CFOs also had to suddenly learn how to manage these teams remotely. “You have to make sure that the customers are still getting the same level of services they were getting before, ensure that productivity levels remain the same, and deal with new challenges in terms of cyber security,” said Jordaan.

Lerato said she maintains her edge by continuous personal and professional development. “You have to have business acumen, which involves having an understanding of all areas of the business, being cross-functional. This helps you make decisions, rather than waiting for other people to decide.”

A big advantage is having the right technology that supports decision making. “The most crucial thing to get is the cash by week forecast, a technology that allows you to make well informed, reliable, trustworthy decisions quickly, using real-time data and insight,” said Lerato.

Jordaan said he’s noticed an unsettling trend by some businesses. “A lot of people seem to be waiting out the storm, where you see we came out of lockdown gradually. We know that internationally, there has been a second wave, and Europe was hit by a second wave, so it’s very likely South Africa will go in the same direction.”

The question is, are businesses better prepared for a second wave and another severe lockdown situation? “If your strategy was to just wait out the storm, I think you might be ill-prepared for what’s coming,” said Jordaan.

He advised using cloud software because it has more agile and flexible solutions, and maintaining old school principles like putting the customer first, so that services can still take place even if the country heads into a second lockdown.

At the same time Jordaan cautioned against upgrading too fast too quickly. “Technology is not a quick fix. It’s not about just throwing in software into any system and thinking the technology is going to solve everything for you. You need the right people in the right positions that know how to use the technology, and that doesn’t happen overnight.”

It’s easy to emphasise the important role that technological advancement is having in the finance industry. Finance professionals of the future need to know how to work with big data sets and analysis. “But the human element is always going to be there. Finance professionals have the added advantage of understanding the story behind the numbers, so there is room to develop soft skills, focus on creativity and problem solving, and being a more compassionate leader.”

In recent times, finance leaders are becoming more than just number crunchers. There’s an emphasis on being more people orientated, and developing social skills is just as important. “Get a mentor, find a leader who is more conscious than you. I’ve got a mentor and I call him all the time when I have people issues and I don’t know how to handle it,” said Lerato. “I went to school, I learned accounting and audit finance tax, and I was put in a position where I had to lead people, and no one had taught us that.”

Jordaan concluded that:

“The most important thing for me is to be invested in those relationships.
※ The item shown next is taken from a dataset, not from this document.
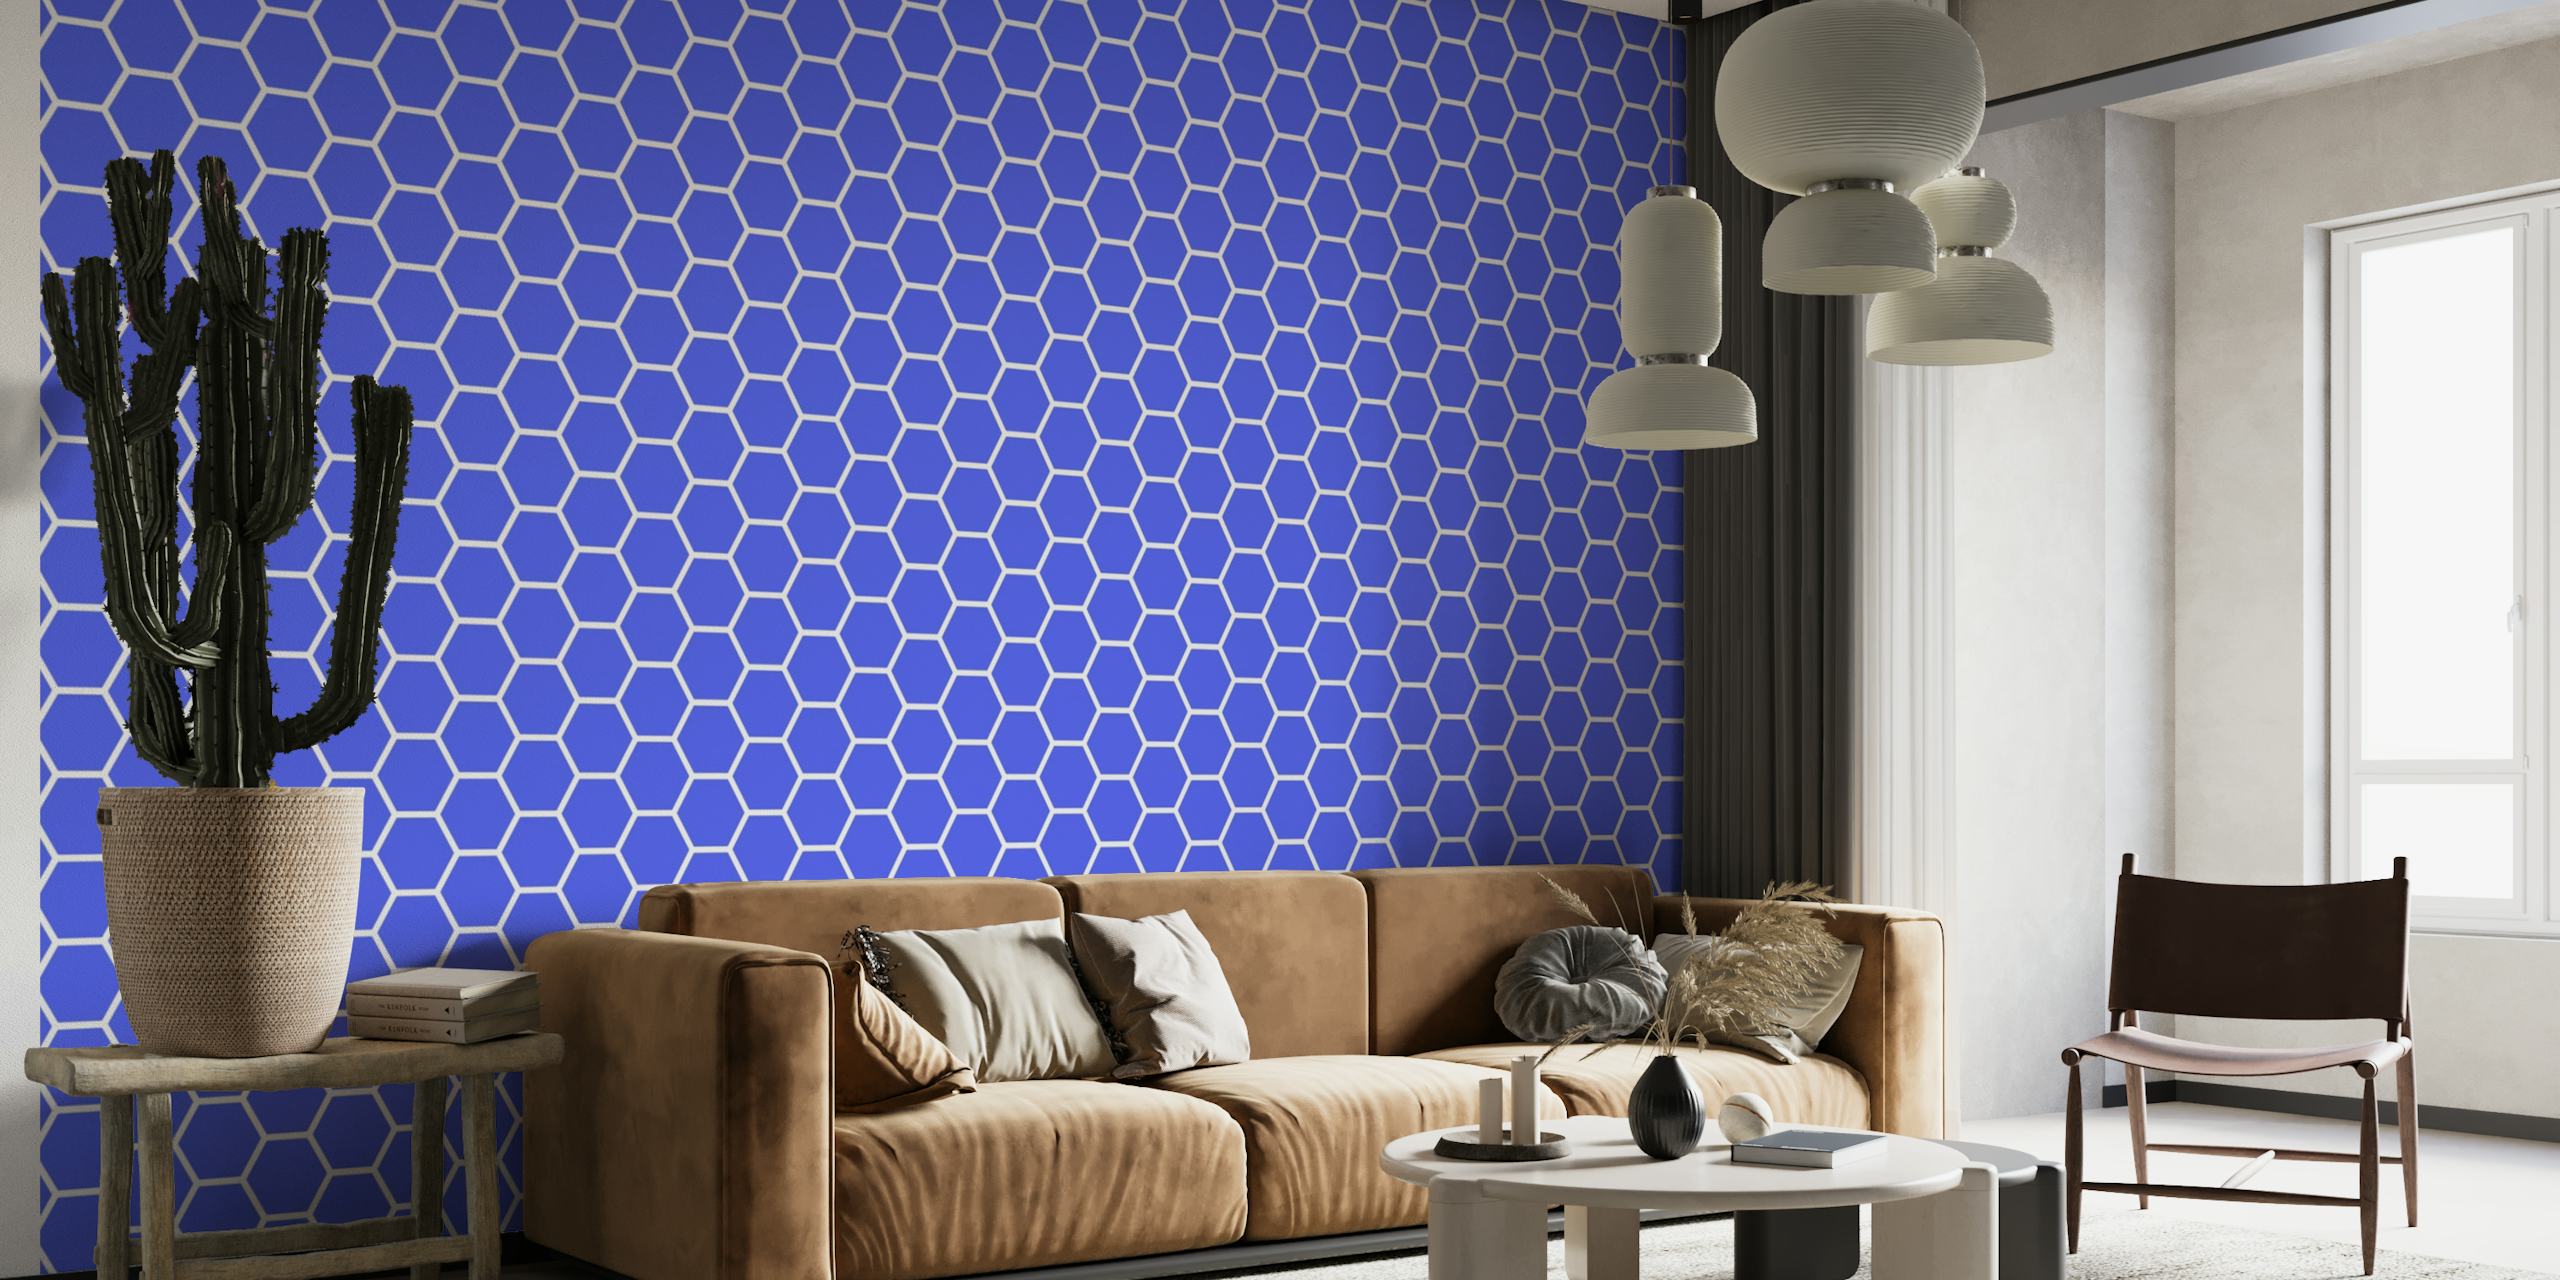 Hellblaues Wandbild mit sechseckigem Muster für eine moderne Inneneinrichtung.
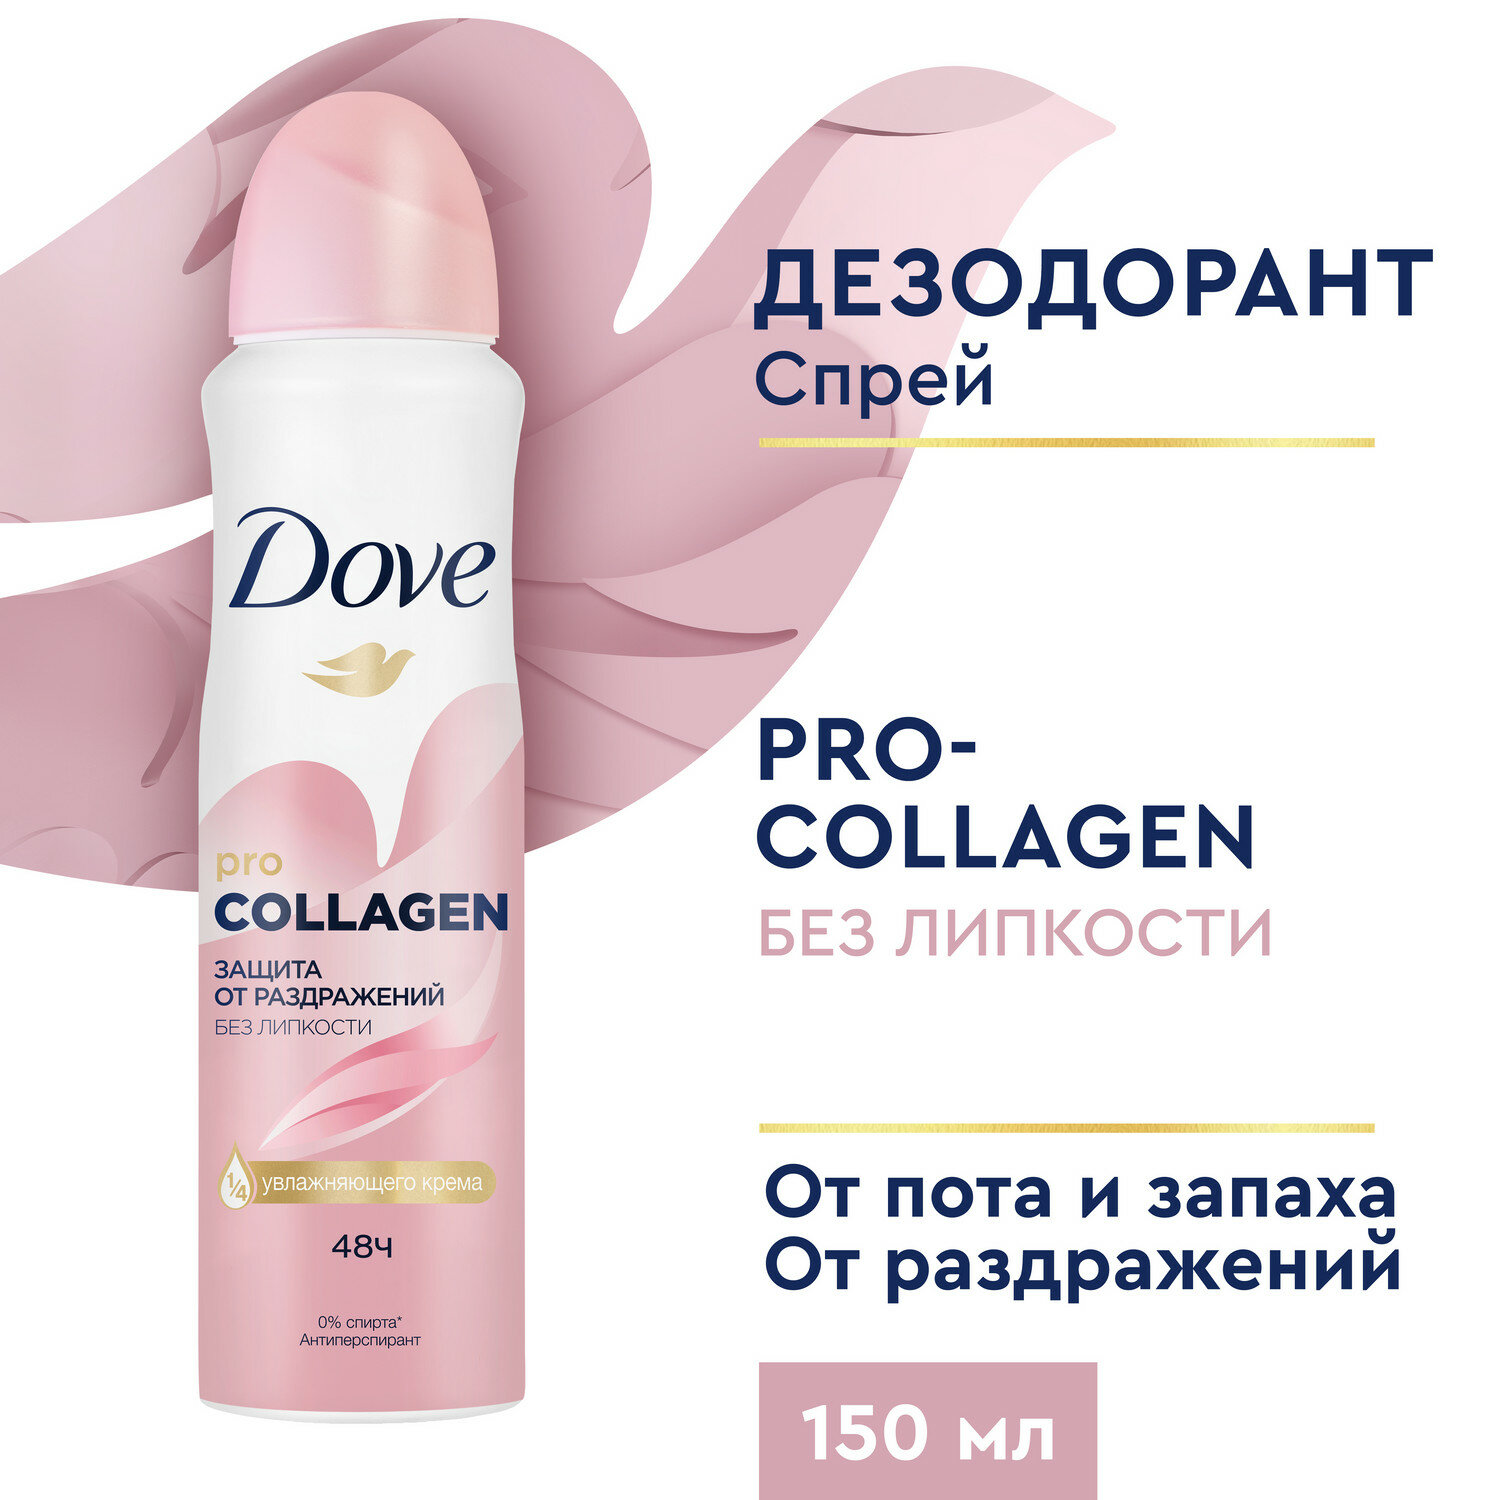 Dove Антиперспирант защита от раздражений без липкости с Pro-collagen комплекс, спрей, 150 мл

I don’t take my mobile phone into meetings. I keep it in my pocket so people have my attention.”

Covid-19 doesn’t seem to be going away anytime soon. So for now companies will have to get comfortable with most of its staff working from home. Remote working requires more effort from everyone, to create a supportive working environment away from the office.Having work and department related WhatsApp groups with open and honest communication, or even little things like keeping cameras on during Zoom and Microsoft Teams meetings, is important to staying connected and on making sure everyone is on the same page as we continue to weather the pandemic.